Grain prices soar as crops fail

South Australia had cut its forecast for total grain production this harvest by 21 per cent, helping push global wheat prices to a record, reported The Age (7/9/2007, p. B3).

Wheat prices double: The state might produce 5.5 million tonnes of all grains this harvest, down from an estimate of 6.98 million tonnes last month, Rural Solutions SA said in its latest crop report. Wheat prices had more than doubled in the past year as global demand outpaced supply and stockpiles shrank.

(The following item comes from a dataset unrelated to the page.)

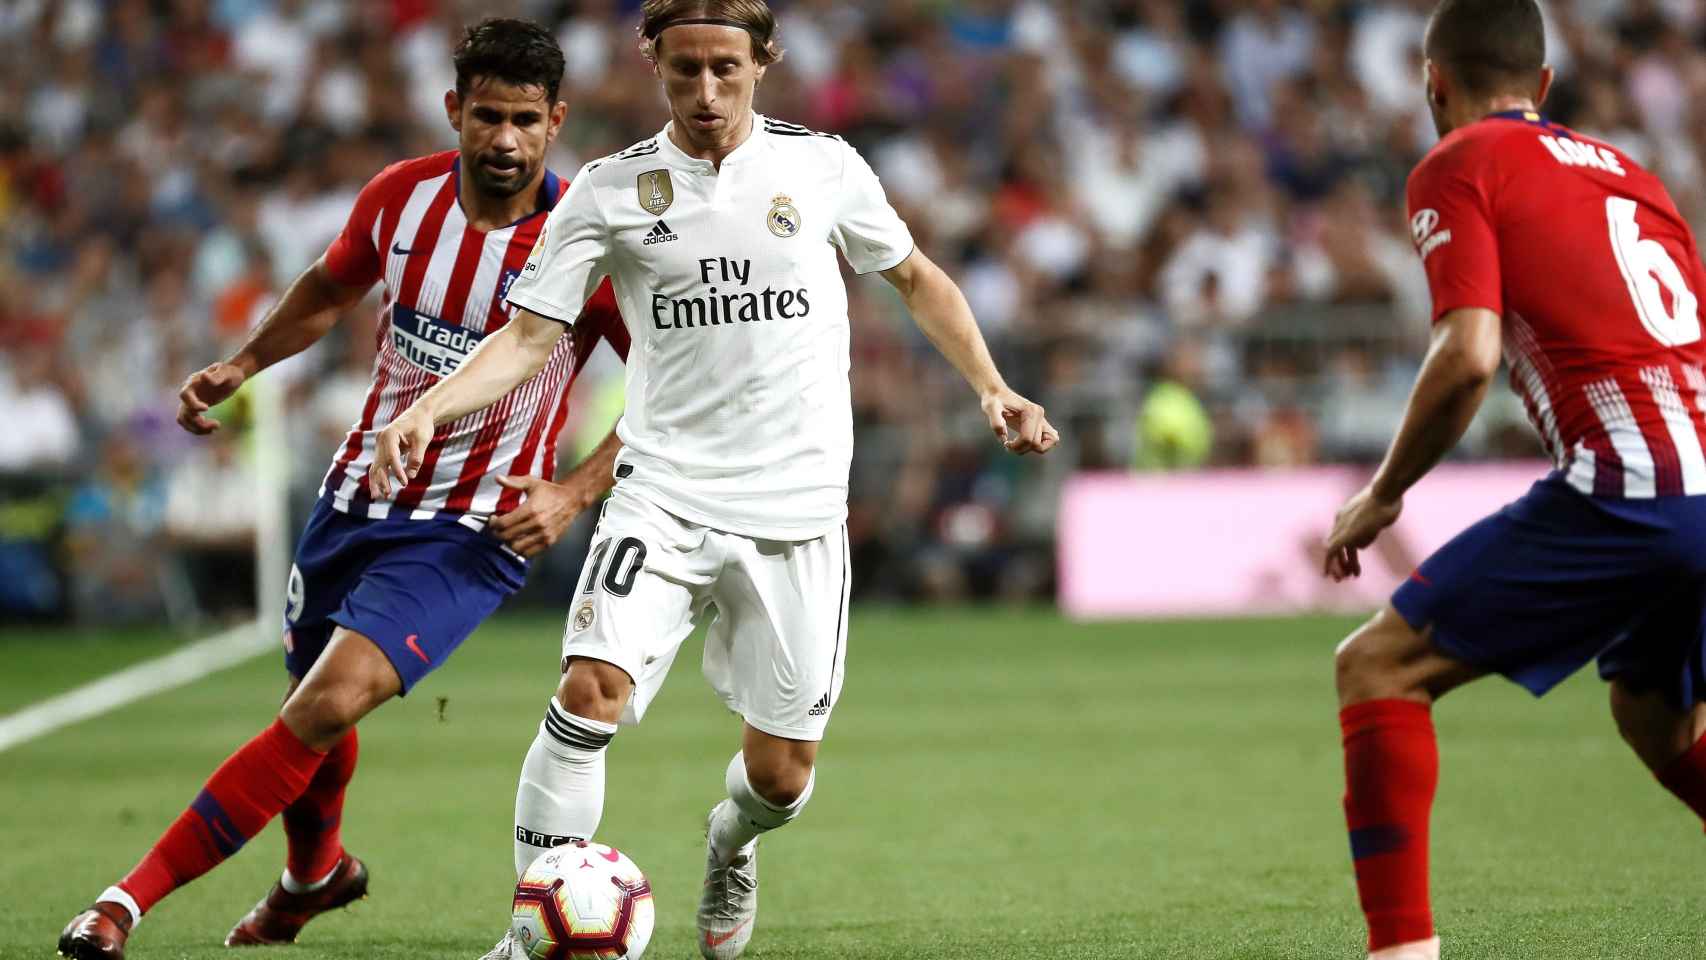 El centrocampista croata del Real Madrid, Luka Modric, conduce el balón ante el delantero hispano-brasileño del Atlético de Madrid, Diego Costa

Crops dying: Two months of below-average rain and warmer than average weather have prompted reductions to forecasts. "Significant rainfall is needed immediately to stabilise crop yield potential at current levels," Rural Solutions SA said in the report on its website. "In the driest areas on Eyre Peninsula and the upper north, crops are dying off and will not recover, while other crops have been grazed or cut for hay if they have sufficient bulk."

Production down more than a fifth: Wheat futures for December delivery rose to a record $US8.49 a bushel on the Chicago Board of Trade on 6 September. South Australia might produce 2.58 million tonnes of wheat, down 24 per cent from the previous forecast, the agency said. Output of barley might be 1.9 million tonnes, 21 per cent lower than the estimate of 2.4 million tonnes a month ear­lier. South Australia was the country’s largest barley growing state.